We last rated the 2003 bonds outperform with limited upside and they have moved down a
couple points with the market and now trade at a y.t.w. of 6.2%. We maintain the rating.

Credit Suisse Group: March 20

Although press reports say UBS was not enthusiastic about the merger, it stands to benefit. It
will be the dominant bank at home and will control US$5 trillion in global wealth and asset
management assets. S&P revised its outlook on UBS’ ratings to negative yesterday; we don’t
disagree with the agency’s view that the deal will involve “material execution risk.” UBS expects
US$8 billion in cost savings, but this will require disruptive cuts, especially at CS’s investment
bank (already slated for downsizing). The Swiss government is providing support for the deal,
however, including using its emergency powers to allow it to close without shareholder approval.
Closing is expected in the second quarter. UBS is getting liquidity support from the SNB. After an
initial CHF5 billion in losses which UBS will absorb, the Swiss authorities will also provide up to
CHF9 billion to cover additional losses on non-core assets. UBS will have CHF56 billion of
“badwill” (including the AT1 write-off), to help offset purchase accounting marks, restructuring
costs and the run-off of non-core assets. Regulators will now demand higher capital ratios, but
there will be a transition period. Credit Suisse senior bondholders are also winners since the
senior debt is effectively being bailed out (though regulators will not utter the B word). The
6.537% notes due 8/12/33 soared to $95 yesterday, from $71.50 on Friday. Considering the
integration risks, we maintain an underperform opinion at this new higher level.

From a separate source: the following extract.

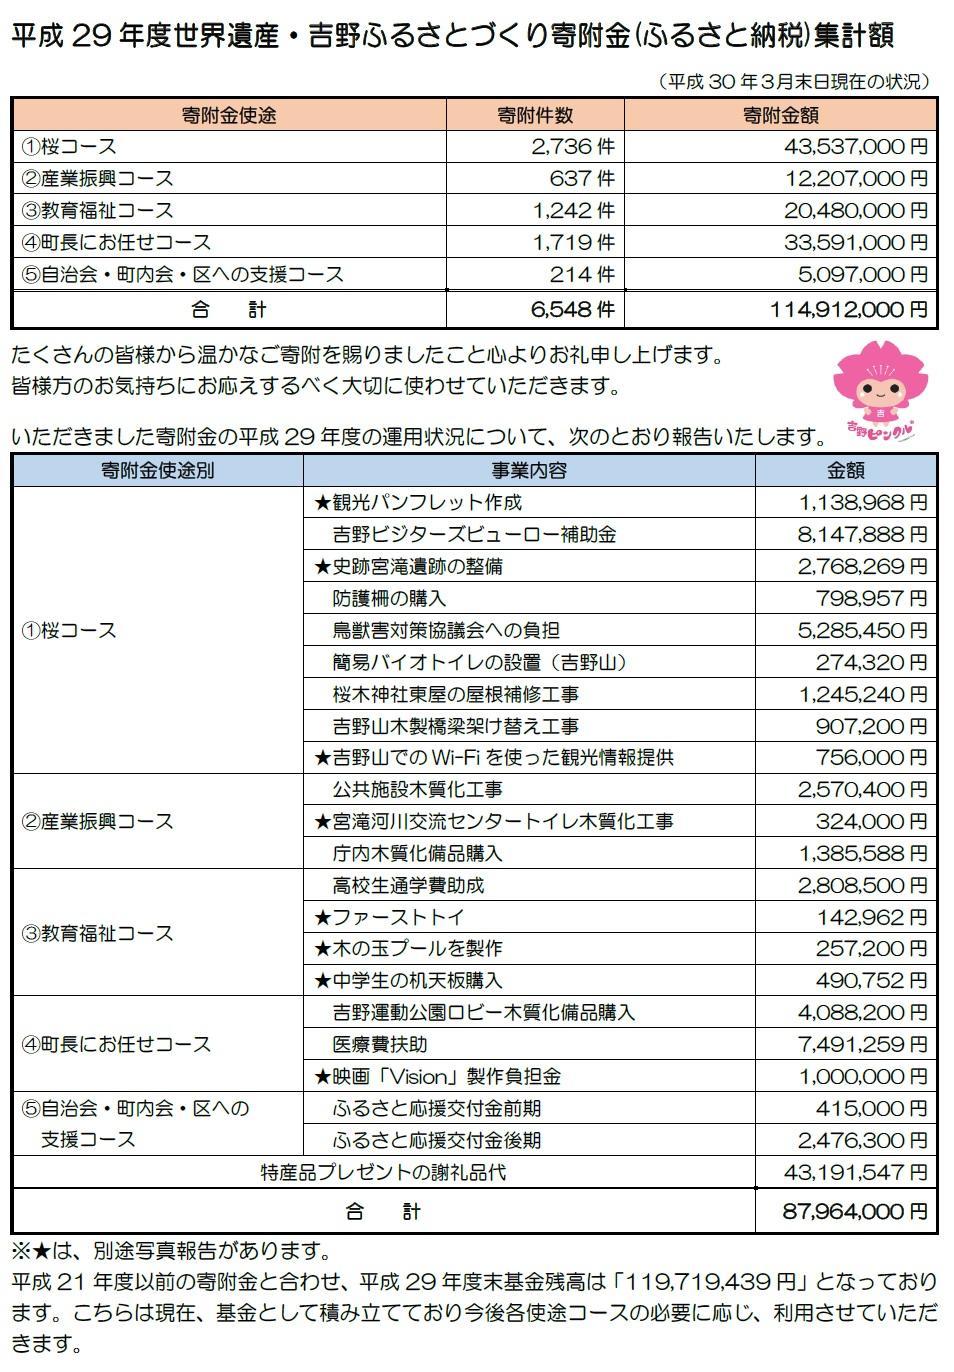 平成29年度寄附金活用報告1.jpg

LyondellBasell Industries: March 20

…The company’s fourth quarter results reflected margins stabilizing at the lower levels seen
towards the end of the third quarter driven by high energy and feedstock costs as well as softer
global demand. LYB expects these challenging market conditions to persist at least through the
first half of 2023 with the second half showing improvement. In response, the company is
aligning production at its plants with global demand trends (first quarter utilization for Olefins &
Polyolefins and Intermediates & Derivatives are expected to be about 80%). Start-up activities
for the new PO/TBA capacity in Houston remain on track for the end of the first quarter. The
company expects typical spring and summer seasonal demand improvements and is prepared
to leverage any increased economic activity in China as the year progresses.
Based on our revised 2023 projections, we expect leverage to increase to 2.5x as a more
modest level of free cash flow generation is mostly used for share buybacks with leverage likely
to begin receding in 2024. The 3.5% senior notes due 2027 yield 5.0%. Recommendation
changed to underperform with limited downside.